FSIS did not always communicate effectively about the 

eligibility status of beef cheek meat, specifically to import 

inspectors. In addition, APHIS issued 1,155 permits for 

the importation of ruminant (e.g., cow, goat) products 

from Canada without ensuring that the agency had an 

appropriate system of internal controls to manage the 

process for a suddenly overwhelming volume of requests. 

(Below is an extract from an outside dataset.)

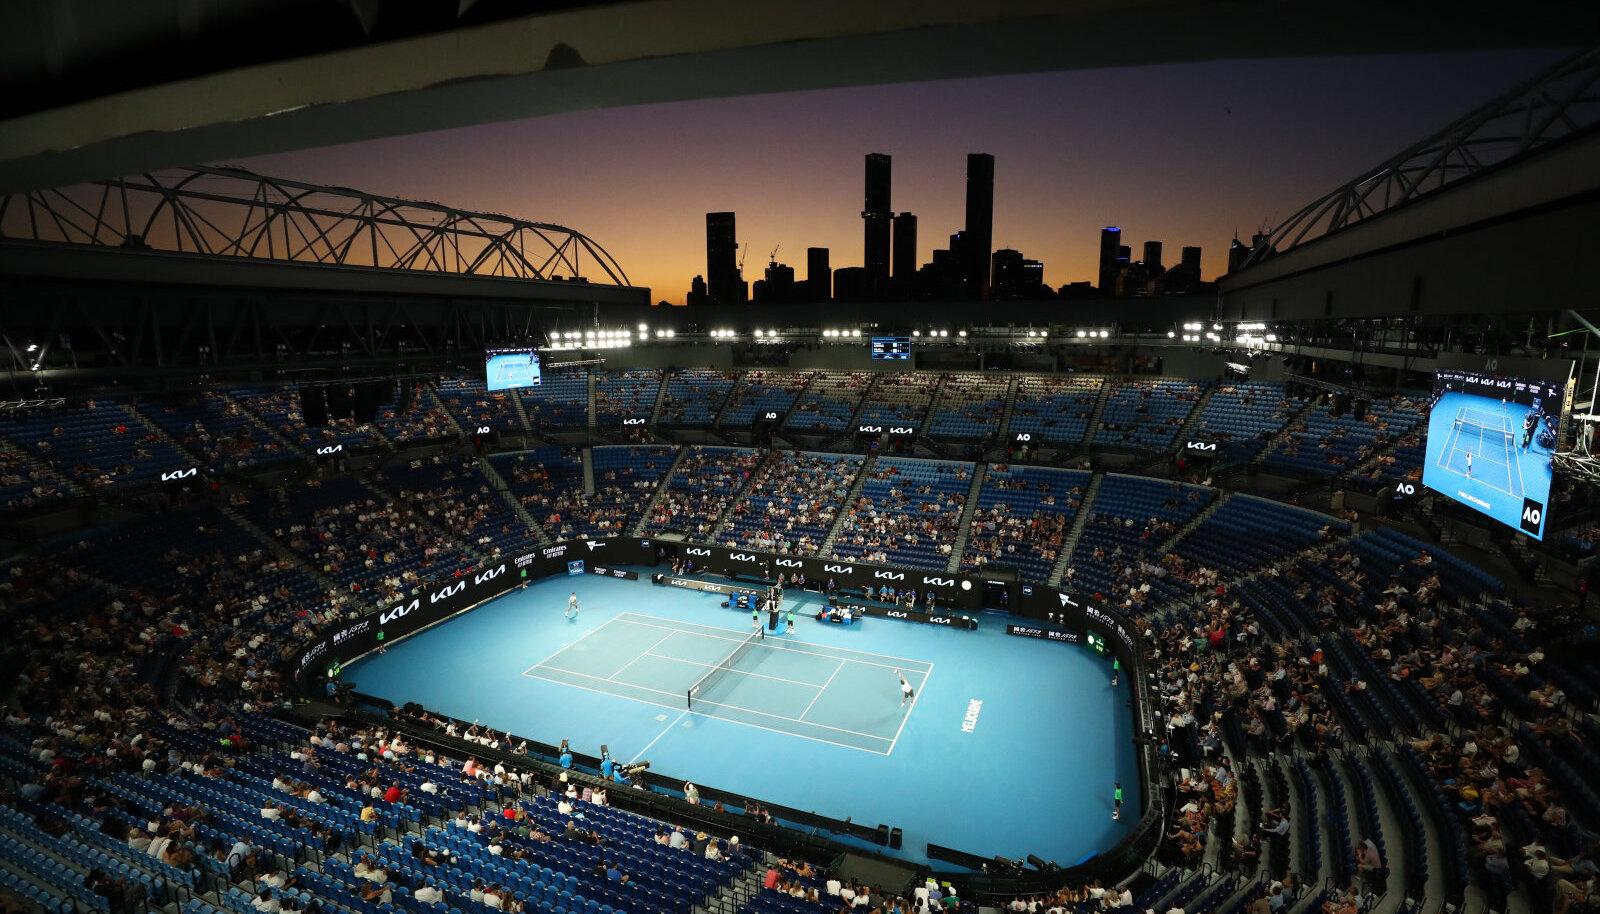 Rod Laver Arena neljapäeval, kui poolfinaalis mängisid Novak Djokovic ja Aslan Karatsev.

From May through September 2004, we identified more 

than 42,000 pounds of product with questionable 

eligibility. 

APHIS generally agreed to institute procedures for 

communicating changes in policy and monitoring the 

consistency between agency practice and publicly stated 

policy, as well as to strengthen controls and finalize 

procedures to issue and monitor permits. FSIS generally 

agreed to implement controls to communicate the specific 

eligibility of product when its eligibility status changes and 

to implement an edit check in its import information 

system to identify ineligible product. (Audit Report No. 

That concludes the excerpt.